Here's the link to a thread from last year that had a good discussion about the use of the verbs *spille og leke*:

http://forum.wordreference.com/showthread.php?t=2344675


----------



## Slinkybinky

enaid_cean023 said:


> Hello!
> 
> I just want to ask if there are any guidelines in using the words "spille" and "leke".
> Can it be used interchangeably?
> 
> Thank you!



Hi,
What I've noticed is the word "leke" is often used as a noun in reference to a child's toy whereas "spille" is not. If you order a Happy Meal at a McDonald's in Norway you'll receive a leke inside the kid's meal or you can buy a leke separately.


----------



## Grefsen

Slinkybinky said:


> Hi,


Velkommen til nordiske språkforumet *Slinkybinky!  *



Slinkybinky said:


> What I've noticed is the word "leke" is often used as a noun in reference to a child's toy whereas "spille" is not. If you order a Happy Meal at a McDonald's in Norway you'll receive a leke inside the kid's meal or you can buy a leke separately.

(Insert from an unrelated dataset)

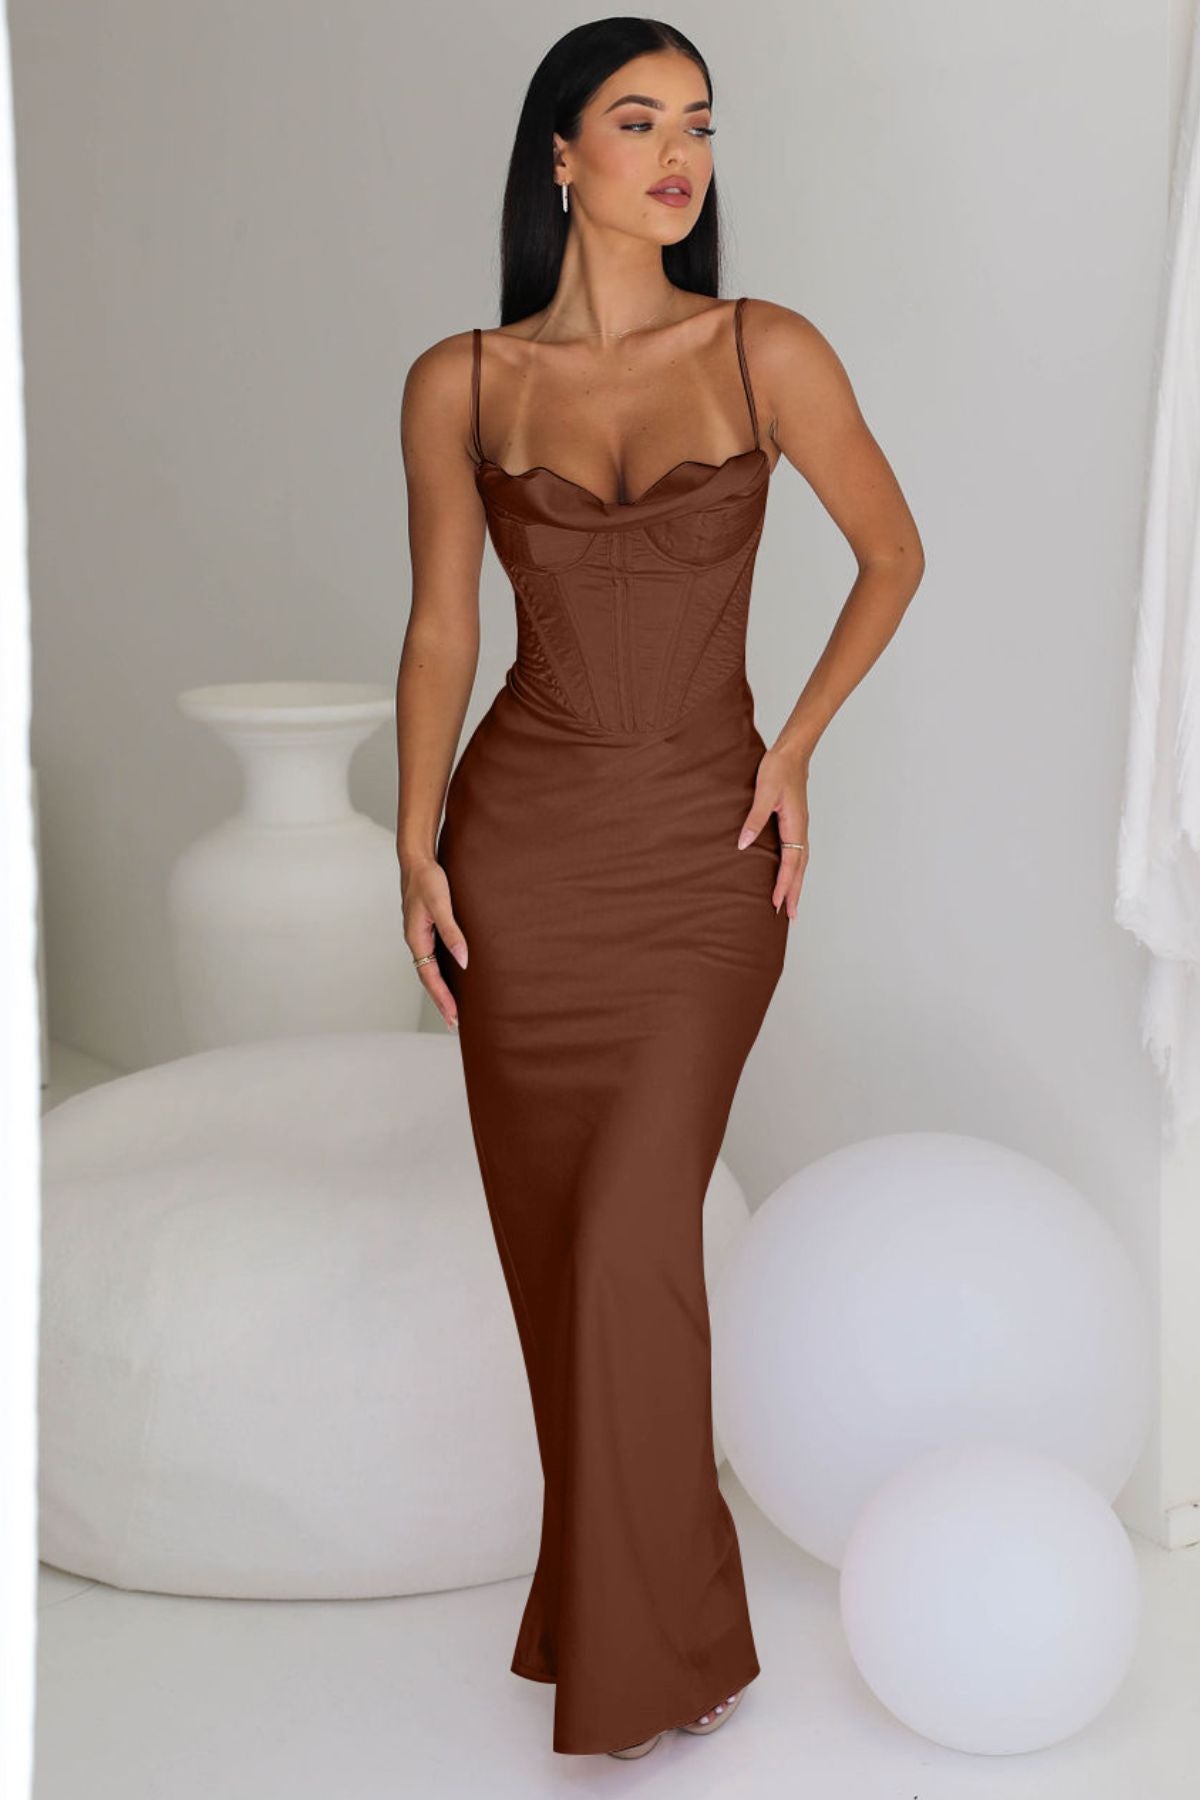 HOUSE OF CB Charmaine Corset Gown (Chocolate) - RRP $389

Yes, according to *elektronisk ordboken *Lexin, *leke  *can be used to mean "toy:"



> oppslagsord:  leke
> 
> substantiv
> 
> Engelsk:     *toy
> 
> noun*
> 
> forklaring:    en gjenstand til å leke med, et leketøy
> 
> Engelsk:     *a plaything for children*


----------



## sjiraff

Grefsen said:


> Yes, according to *elektronisk ordboken *Lexin, *leke  *can be used to mean "toy:"



You can also call these leketøy, but then the gender changes and it becomes "et leketøy". As far as I know these are the same thing.

 The way I remembered it OP, was that "å leke gjemsel" is to play hide and seek (something kids would do).


----------



## Grefsen

sjiraff said:


> You can also call these leketøy, but then the gender changes and it becomes "et leketøy". As far as I know these are the same thing.


Tusen takk *sjiraff*! 

Are there certain types of toys that one would use *leke* for and others that *leketøy* is typically used for?


----------



## NorwegianNYC

No - they are synonymous. However - I think *leketøy* is a slightly dated form.


----------



## Grefsen

NorwegianNYC said:


> No - they are synonymous.


Tusen takk! 



NorwegianNYC said:


> However - I think *leketøy* is a slightly dated form.


For what it's worth, a search of "*et* *leketøy" *got about 55,000 results, while *"en leke" *got over 500,000.


----------



## Claribelsofia

"Et leketøy" and "en leke" are synonymous, however leketøy is not commonly used for toys (it is a dated form ref NorwegianNYC). However, it is often used in expressions like; "En hund er ikke et leketøy" (" A dog is not a toy"), "Fyrverkeri er ikke leketøy" etc...


----------



## Grefsen

Claribelsofia said:


> "Et leketøy" and "en leke" are synonymous, however leketøy is not commonly used for toys (it is a dated form ref NorwegianNYC). However, it is often used in expressions like; "En hund er ikke et leketøy" (" A dog is not a toy"), "Fyrverkeri er ikke leketøy" etc...


Takk for god forklaring og for eksemplene.


----------



## sjiraff

sorry to bump, but I thought I might also add just in case Enaid or anyone else doesn't know, but *leken* can also mean "playfull" (leken, lekent, lekne) even though it looks like "the toy" - so watch out for that and make sure to think of the context! I remember being confused when I first found similar adjectives, like "beskjeden" meaning modest, even though it can also mean "the message".


----------



## Grefsen

sjiraff said:


> ...*leken* can also mean "playfull" (leken, lekent, lekne) even though it looks like "the toy" - so watch out for that and make sure to think of the context!


I didn't know that.  *Tusen takk! *


sjiraff said:


> I remember being confused when I first found similar adjectives, like "beskjeden" meaning modest, even though it can also mean "the message".


I would have been confused by this too so thanks again.


----------